How to unit test the mapper and reducer transformations that make up a Pentaho MapReduce job. Unit testing mapper and reducer code before it runs on a cluster can generate significant development time savings. Using the PDI development environment to debug and performance test mapper and reducer code is more productive than poring over Hadoop logs! Pentaho recommends that you unit test your Pentaho MapReduce transformations locally before running them on the cluster.
The general technique is to stub the input data to the mapper (or reducer) transformation with a File Input or generated rows of data, then execute the transformation in preview mode to ensure that it is processing correctly. In the steps that follow you will create a stub file. Alternatively, in situations where the key field is not important or the original file contains the key field you may be able to read your original file from Hadoop via a Hadoop File Input step.
In order to follow along with this guide you will need the following:
- Pentaho Data Integration
This guide uses the weblog_parse_mapper.ktr from the Using Pentaho MapReduce to Parse Weblog Data in MapR guide. If you have completed that guide, you should already have this mapper. Otherwise, click on the link above to download it.
In this task you will create a test file that you will use to unit test your transformation.
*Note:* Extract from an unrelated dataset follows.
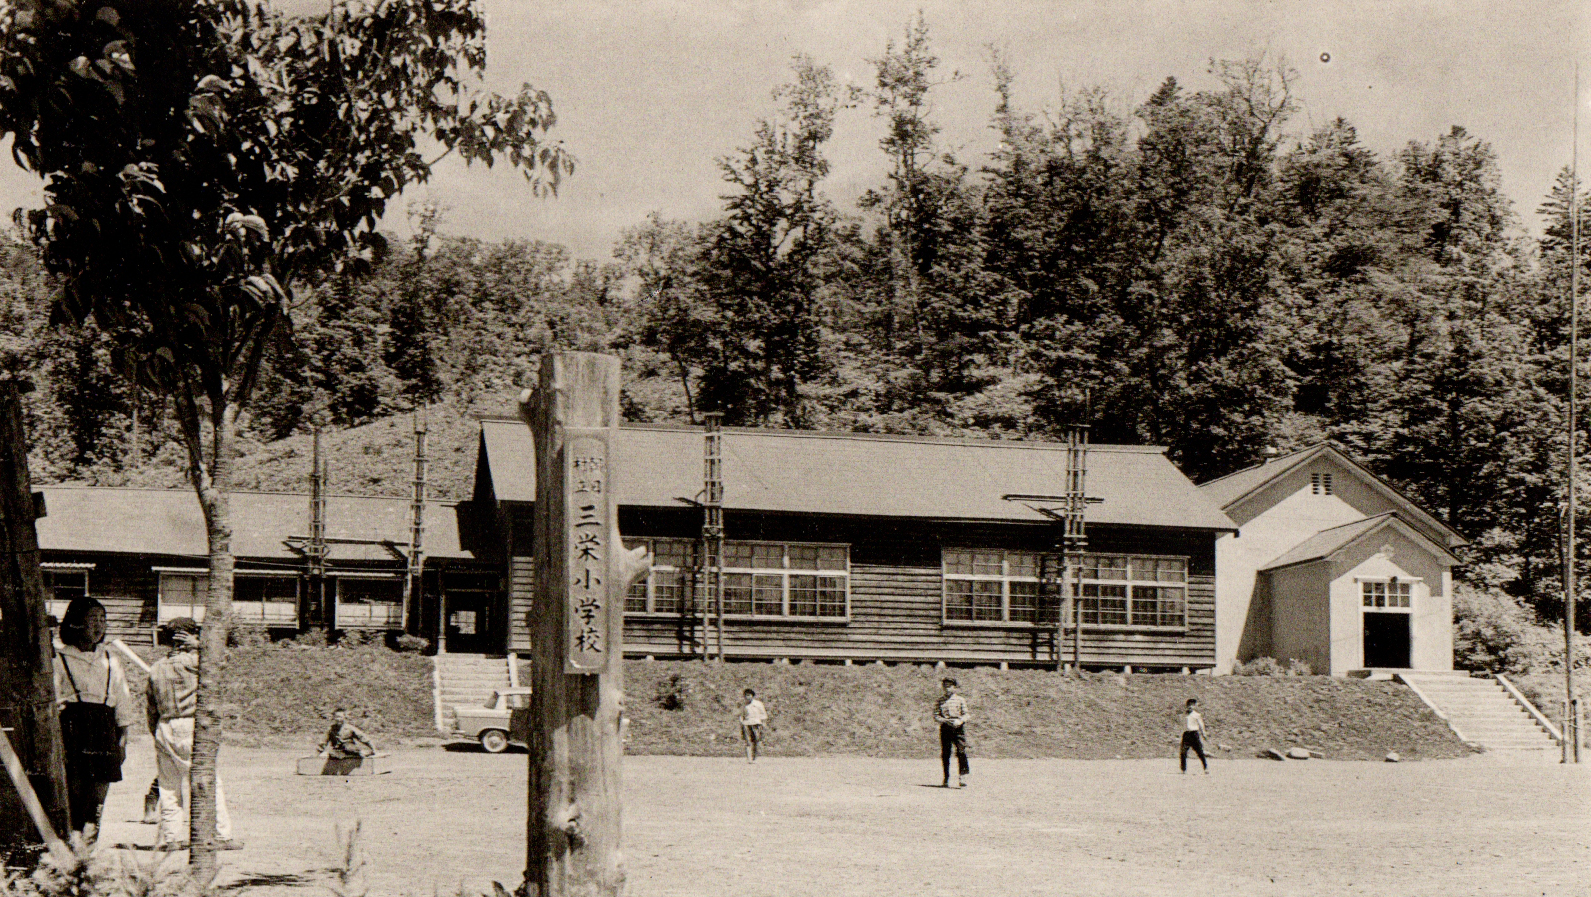 手前の運動場で児童が野球をしている奥の階段を上がった場所に建てられた昭和37年頃の旧三栄小学校校舎の白黒写真

- In a text editor create a new file in key tab value format like your transformation would receive. For reducer transformations the keys must be in sorted order and should only contain one value per line. Repeat the key on multiple lines for multiple values.
For this guide use:
In this task you will unit test the transformation. The same steps may be used for both mapper and reducer transformations.
- Start PDI on your desktop. Once it is running choose 'File' -> 'Open', browse to and select the 'weblog_parse_mapper.ktr', then click 'OK'.
- Add a Text File Input Step: You will provide the mapper with an alternate input step, so expand the 'Input' section of the Design palette and drag a 'Text File Input' step onto the job canvas.
NOTE: You could also use a Hadoop File Input step to pull the test file from the Hadoop cluster.
- Connect the Text File Input and Regex Evaluation Steps: Hover the mouse over the 'Text File Input' node and a tooltip will appear. Click on the output connector (the green arrow pointing to the right) and drag a connector arrow to the 'Regex Evaluation' node. Click 'OK' on the warning message. Your canvas should look like this:
- Edit the Text File Input Step: Double-click on the 'Text File Input' node to edit its properties. Enter this information:
- File or directory: Browse to the test file you created earlier.
- Click the Add button.
When you are done your window should look like this:
- Configure the File Content: Switch to the 'Content' tab and enter the following information:
- Separator: Clear and click 'Insert TAB'
- Uncheck 'Header'
- Format: Select 'Mixed'
- Configure the Fields: Switch to the 'Fields' tab and enter the following information:
- Create a field with Name 'key' and Type 'String'
- Create a field with Name 'value' and Type 'String'
- Disable the Map/Reduce Input Hop: Disable the hop between Map/Reduce Input and RegEx Evaluation by clicking on the hop. The hop will turn gray.
- Run the Unit Test: Highlight then right click on the 'User Defined Java Expression' step and select 'Preview'. A 'Transformation debug dialog' will appear, click 'Quick Launch'. The results of the transformation will appear in the 'Examine preview data' window.
Click 'Close' to close the window.
- Disable the Text File Input Hop: Disable the hop between 'Text File Input' and 'Regex Evaluation' by clicking on it. It will turn gray.
- Enable Map/Reduce Input Hop: Enable the hop between 'Map/Reduce Input' and 'Regex Evaluation' by clicking on it. It will turn black.
- Save the Transformation
In this guide you learned how to unit test Pentaho MapReduce Transformations. It is recommended that you unit test your transformations in this way as debugging using Hadoop logs is both complex and time consuming.